In a nutshell

What is the TopologyTracer?

Currently, a software for the datamining of dump snapshots obtained from densely sampled instrumented grain coarsening simulations.

What are the user benefits?

Enabling studies with orders of magnitude more grains and thus higher statistical significance by parallelization

Unique capability of considering higher-order neighbors

What sets the TopologyTracer apart from other tools like DREAM3D or MTex?

Spatio-temporal capabilities

While the aforementioned tools’ strength is their ability to compute distributional descriptive statistics, like the grain size distribution or the orientation distribution function (ODF), they fall still short in their spatio-temporal and correlative capabilities. Additionally, they have much lower scalability as they do so far not employ parallelization. Thus, it remains the user’s responsibility to add parallel functionality into the source code or set up batch processing queues via modifying the analysis scripts.
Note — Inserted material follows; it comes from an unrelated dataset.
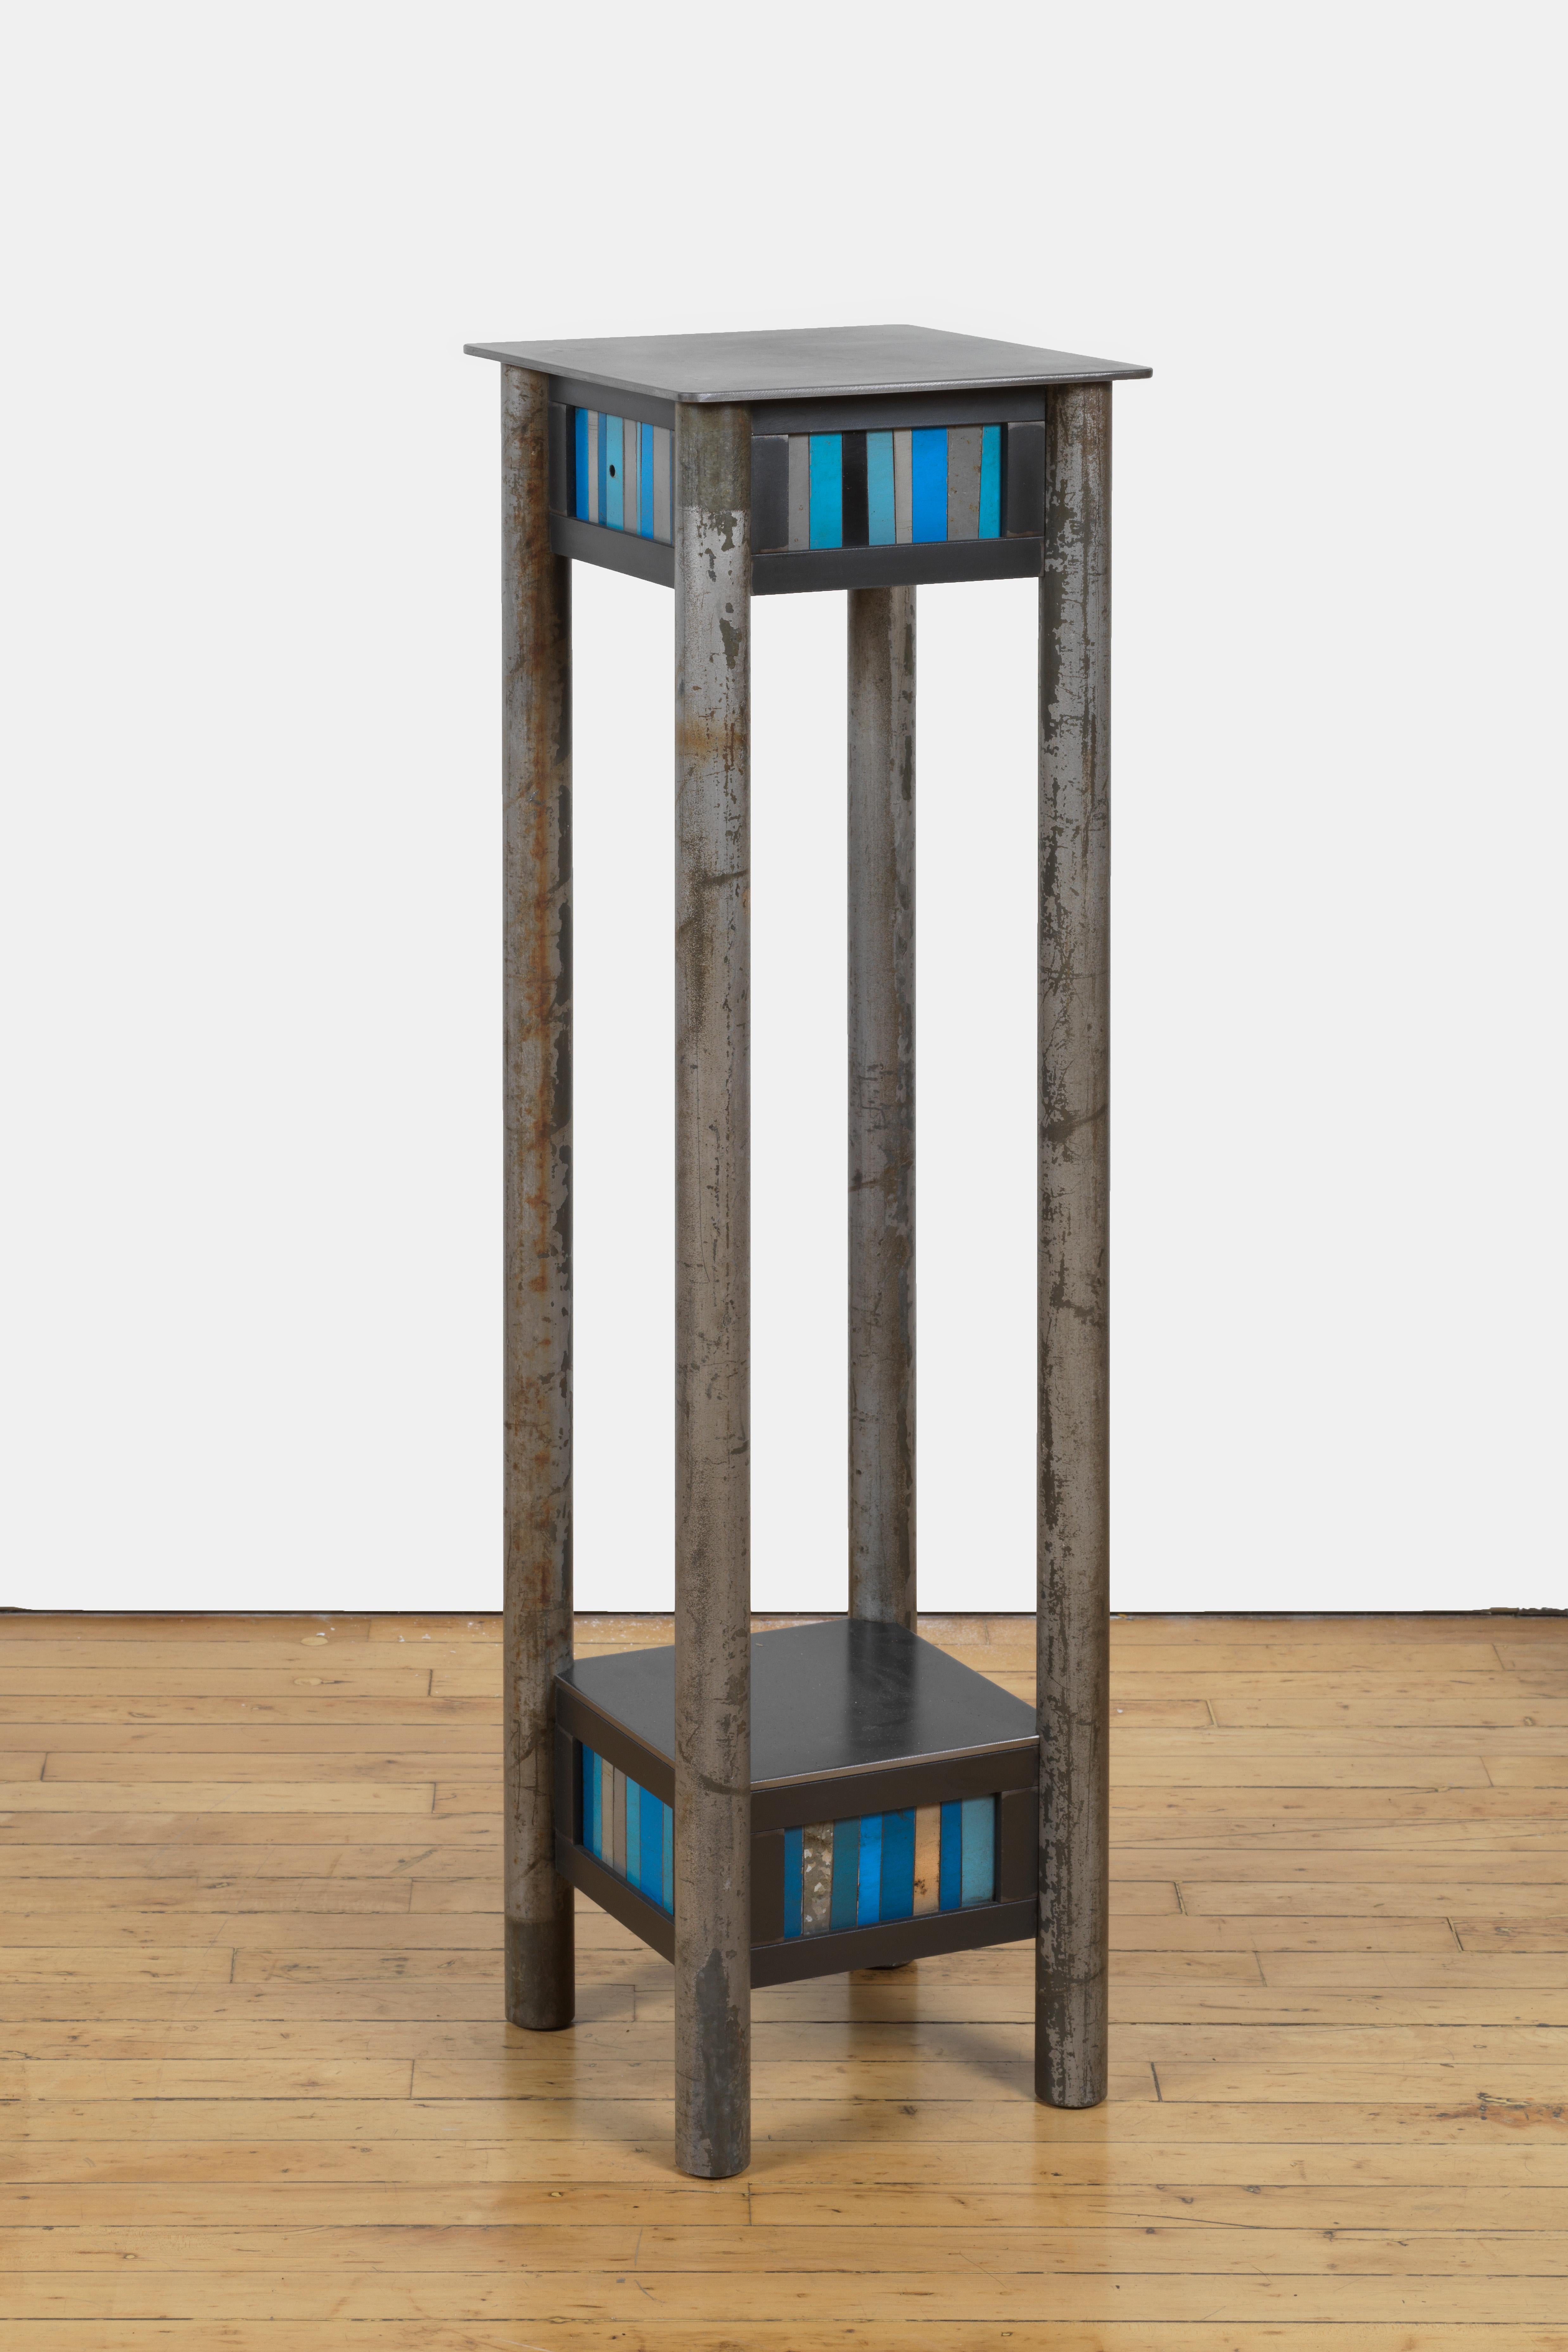 This is a welded steel pedestal with a low shelf and a quilted skirt of found metal strips arranged in a quilt pattern inspired by the quilts of Gee's Bend Alabama. Each piece of furniture is unique and made by Jim Rose. The skirt contains a mix of

Either way, this is not only a tedious task but in particular with respect to the scripting environment not straightforward to implement in a manner to advise the script interpreter exactly and in full control of the user were data should be stored to employ as much memory locality as possible: that is to assure that data which describe the microstructure in local regions are mapped as closely as possible into main memory such that their processing requires less costly memory queries.

Scalable efficient parallel design

By contrast, the TopologyTracer improves on this with its two-layer data parallelism. The individual datasets, each of which represents one time step, are elements in the coarser MPI-layer. Each MPI process hosts a contiguous set of all datasets over a particular time step interval. Additionally, each dataset is stored spatially partitioned into memory regions. These become mapped in such a manner as to reduce the number of remote memory accesses. It is exactly this data-locality-improvement-oriented design which suits potential thread-parallel execution with OpenMP for instance. Several pieces of this MPI/OpenMP-hybrid parallel scheme have already been implemented.

The figure illustrates this two-level parallelism.

_images/TopologyTracerMemoryHierarchy.jpg

In particular the logical and physical partitioning of the data in the second layer is fundamental to achieve scalable performance by improving data locality. This stands in clear contrast to many proprietary Materials Science software packages which still rely on traditional data structures commonly employed during sequential programming and their execution via scripting-language-based post-processing during which the complexity of data placement is opaque to the user. This opacity is the key to making perceivingly easily maintainable most Computational Materials Science scripting workflows. At the same time, though, it is the prime brake for achieving performance and thereby productive workflows - in particular for ever growing datasets. Admittedly, one could also employ thread parallelism without worrying about locality aspects. Beyond some problem-specific thread count threshold, though, this practice results in increasingly less performant execution as internally frequent remote memory accesses will be required. Exactly, these will then effectively saturate most contemporary memory infrastructures on not only super computers but also workstations and therefore prevent the quick delivering of data to the floating point processing units.